In those cases of funnel-shaped pelvis which we have had the opportunity of observing, perforation has been ultimately required, although the head had passed easily through the brim and entered the cavity; in one of these we have subsequently used the artificial premature labour with success.

We have already stated the doubtful utility of arranging cases of deformed pelvis according to their degree of contraction, and of classifying the different modes of treatment by such a scale; still, however, there must be certain limits beyond which it will be impossible to make the child pass, even when diminished by embryotomy. To draw the precise line of demarcation, however, will be nearly if not quite impossible; and, as in cases of slighter deformity, we must take many other circumstances into consideration which we have already mentioned. An inch and a half from pubes to sacrum has been mentioned by many as the extreme degree of contraction through which a full grown child can be delivered by embryulcia; generally, however, in these cases of unusually deformed pelvis, there is much more space on each of the sacrum; and on this, in great measure, will depend the possibility of effecting the delivery. The celebrated case of Elizabeth Sherwood, which Dr. Osborn has recorded, and where he succeeded in delivering the child, although the antero-posterior diameter “could not exceed three-quarters of an inch,” has been looked upon as being of doubtful accuracy, and that Dr. Osborn had unintentionally deceived himself. When, however, we learn that on the right side of the sacrum the antero-posterior diameter was an inch and three-quarters, the incredible nature of the case diminishes considerably, the more as the patient was examined by Dr. Denman and others who fully coincided with Dr. Osborn’s statements. To assert that in this case the antero-posterior diameter was only three-quarters of an inch, as many have done, is evidently incorrect, and tends to throw doubt upon it: the case was evidently the closest possible approach to the limits requiring the Cæsarean operation; its success was mainly attributable to the gradual manner in which it was performed; the child had become completely soft and flaccid from putrefaction, and was thus more capable of being moulded to the contracted passage.


CHAPTER V.

FIRST SPECIES OF DYSTOCIA.

Obstructed Labour from a Faulty Condition of the soft Passages.

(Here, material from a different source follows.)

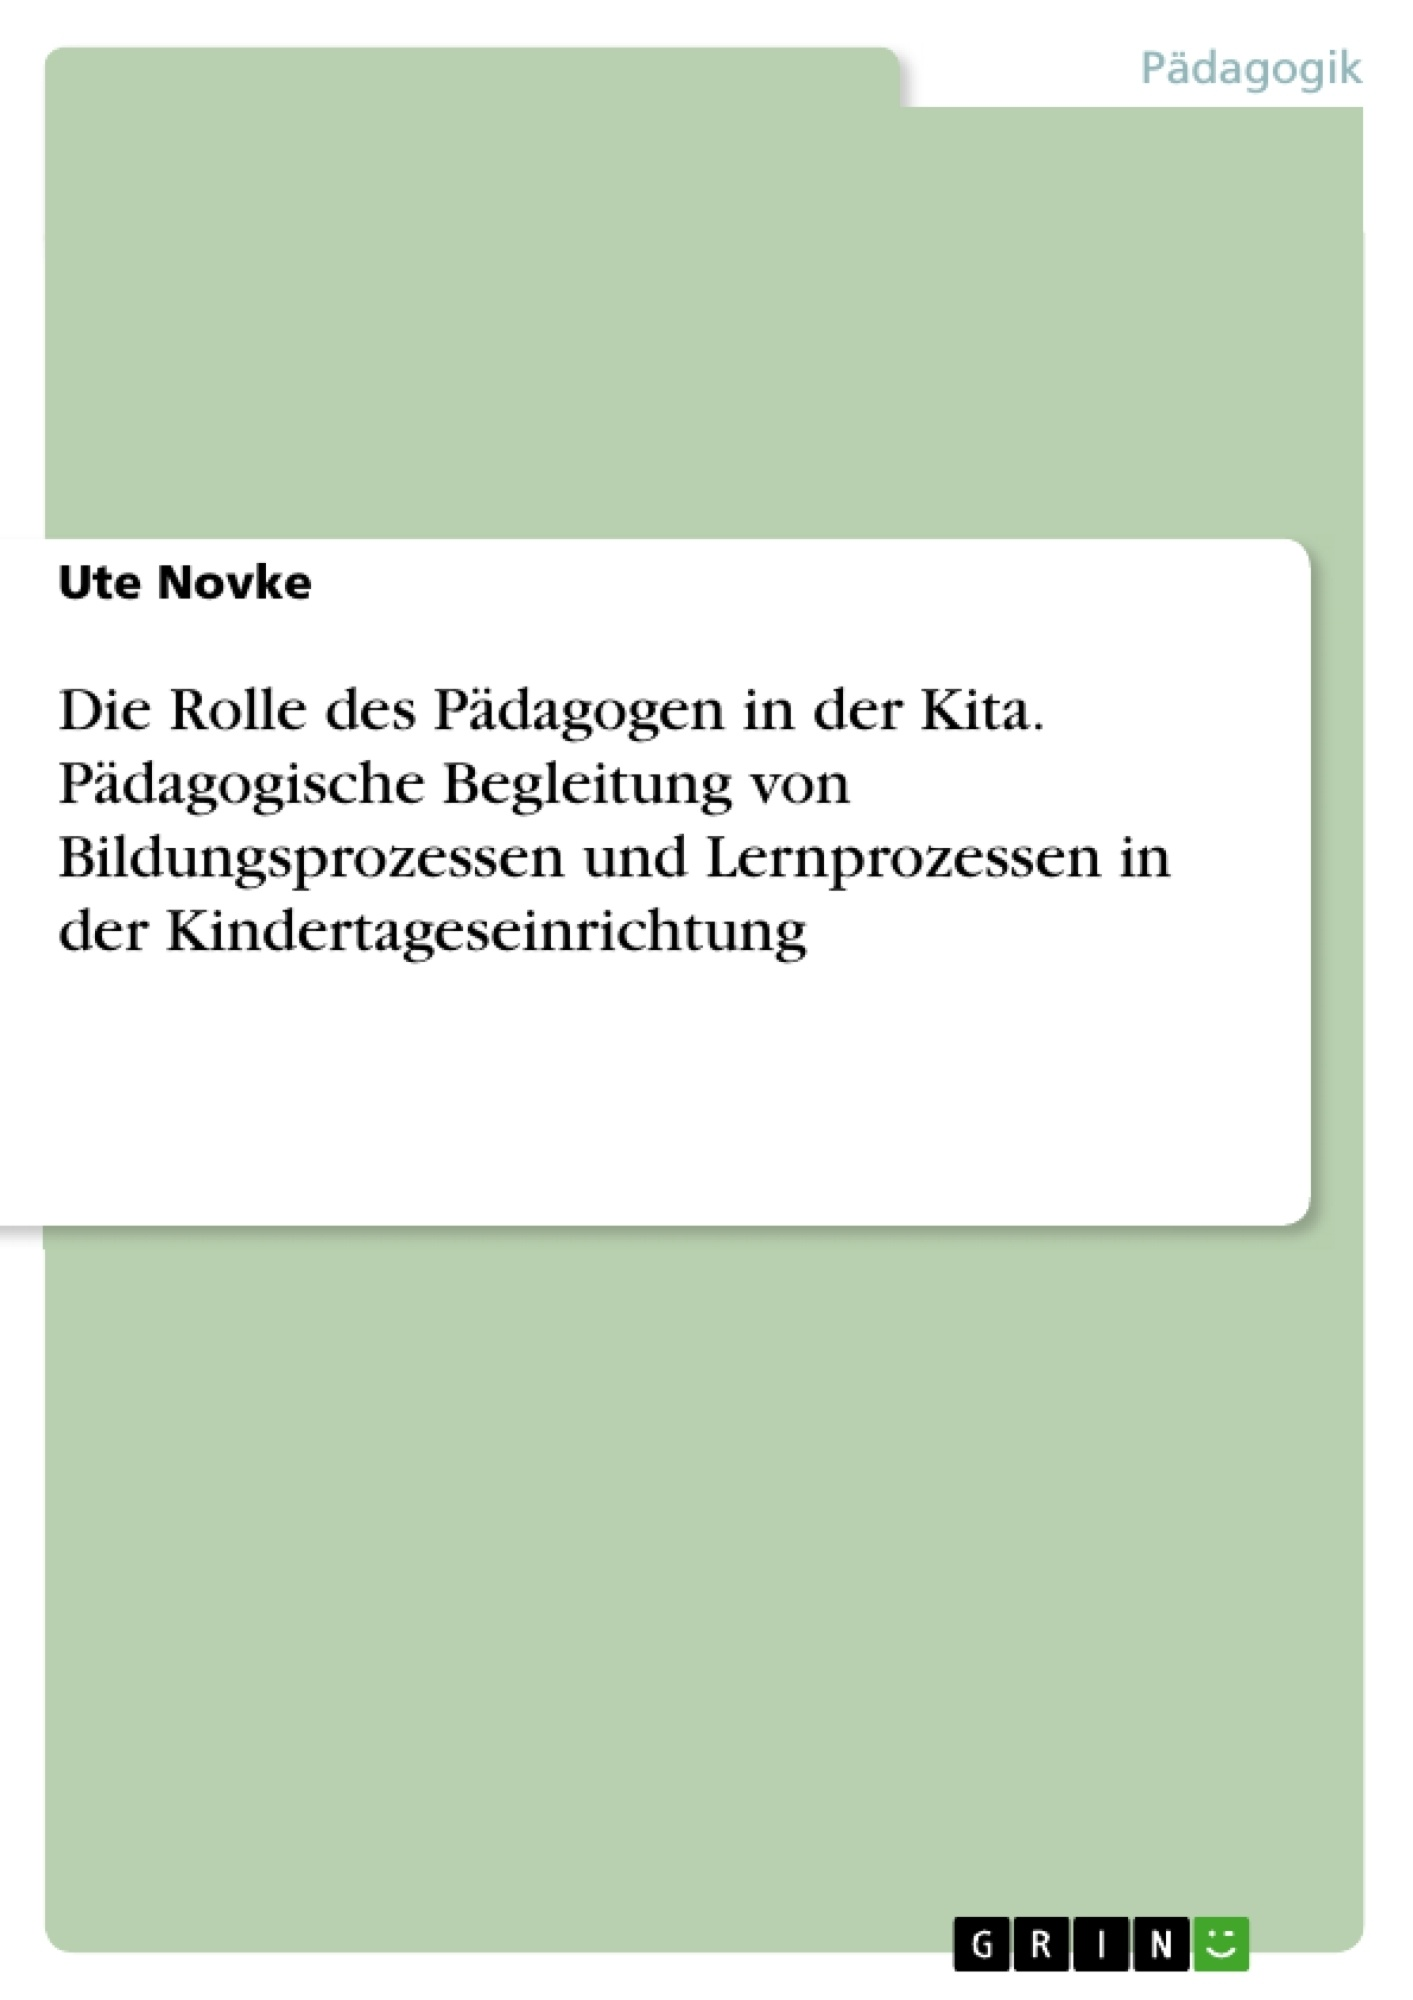 Titel: Die Rolle des Pädagogen in der Kita. Pädagogische Begleitung von Bildungsprozessen und Lernprozessen in der Kindertageseinrichtung
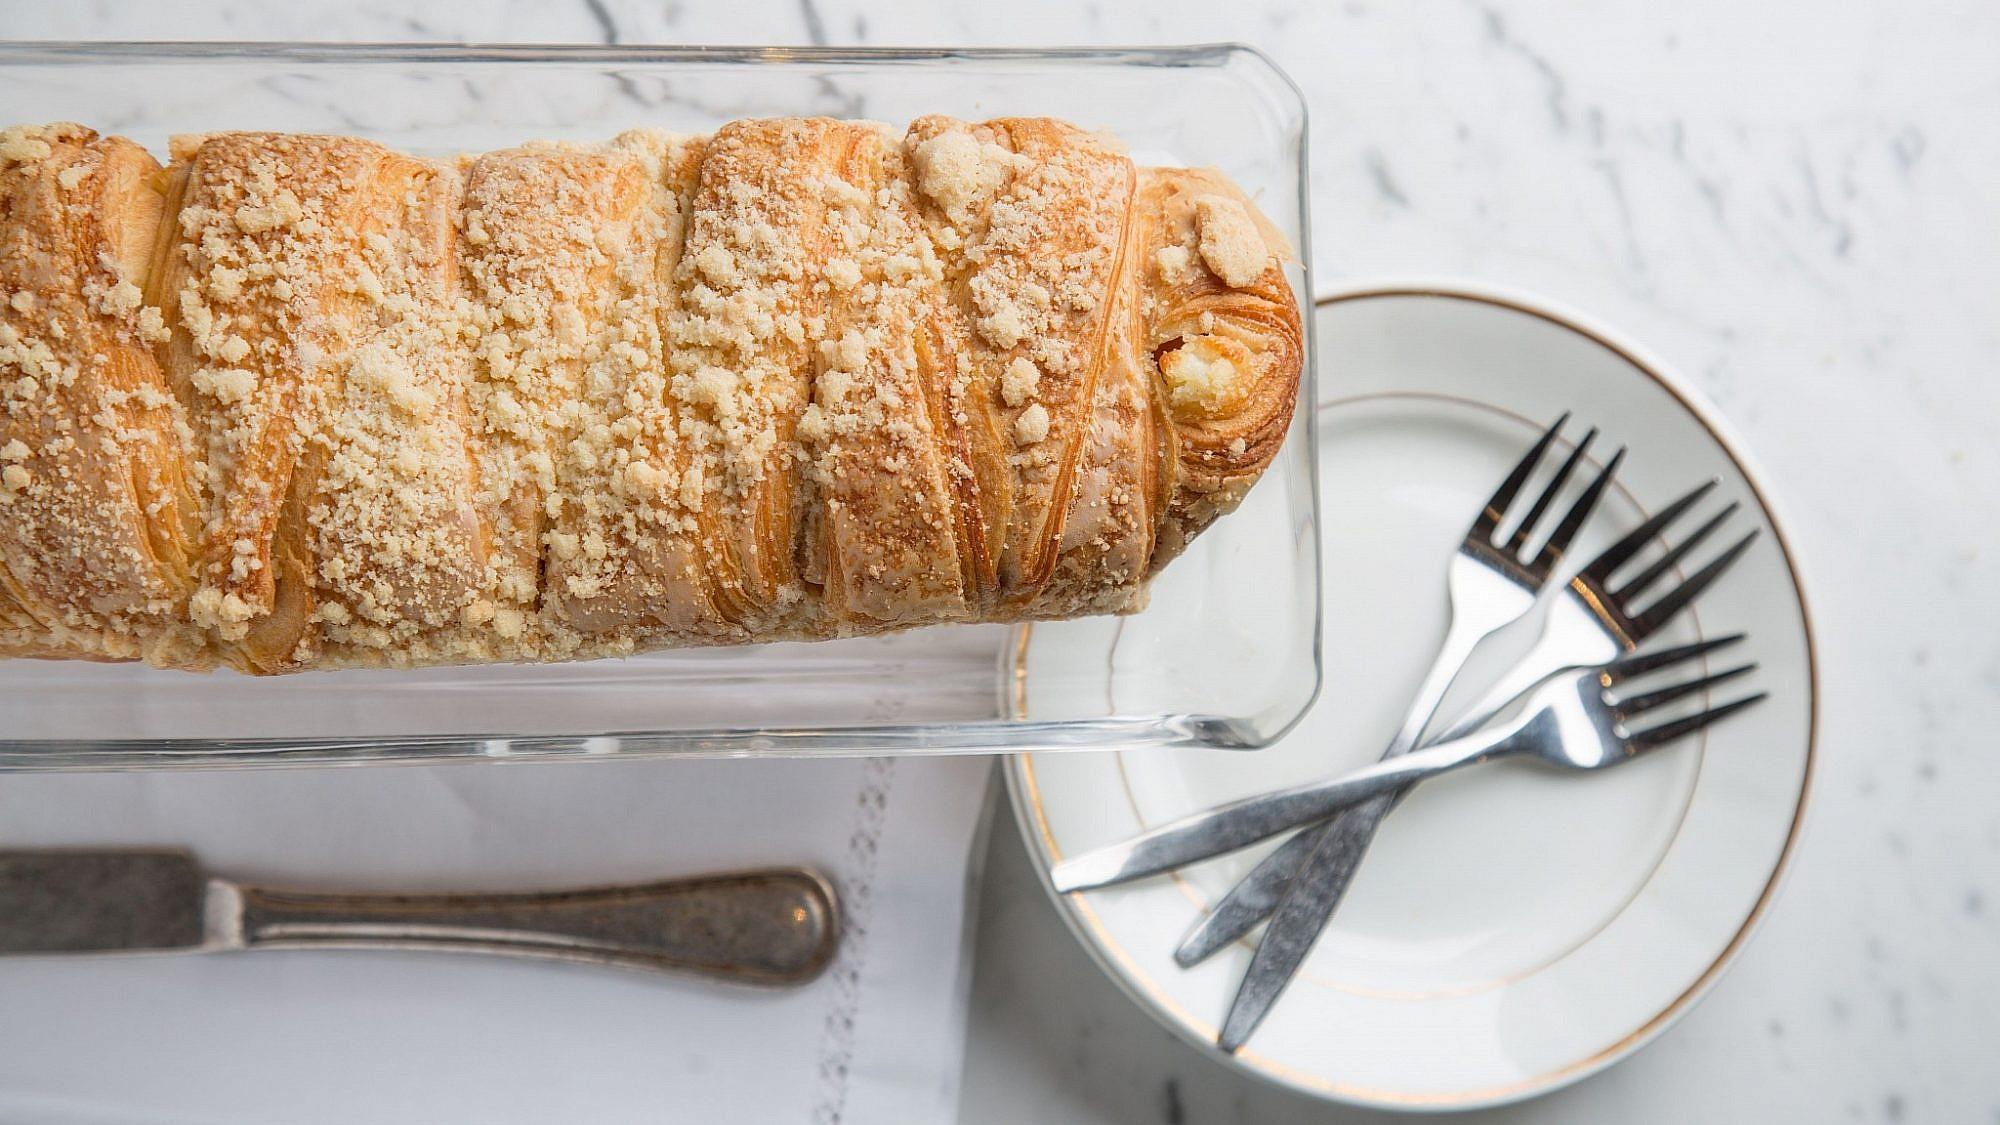 עוגת שמרים בבייקרי. צילום: עידית בן אוליאל

Pendulous abdomen.—Rigidity of the os uteri.—Belladonna.—Edges of the os uteri adherent.—Cicatrices and collosities.—Agglutination of the os uteri.—Contracted vagina.—Rigidity from age.—Cicatrices in the vagina.—Hymen.—Fibrous bands.—Perineum.—Varicose and œdematous swellings of the labia and nymphæ.—Tumours.—Distended or prolapsed bladder.—Stone in the bladder.

In speaking of the uterus itself as a cause of this species of dystocia, we only mention it here as one of the soft passages, not as the organ by the contractions of which the child is expelled; we merely refer to those faulty conditions of the uterus which produce an impediment to the child’s progress, not to those which interfere with the natural condition of its expelling powers, as this will be considered under the next division of dystocia.

We have already stated our disbelief that an oblique position of the uterus can have any influence in producing malposition of the child. With the exception of extreme anterior obliquity, or pendulous belly, we equally doubt that it can have any effect in retarding the labour when the child presents naturally. The highest authorities in midwifery during the last hundred years unite in asserting that this celebrated opinion of Deventer, was a misconception.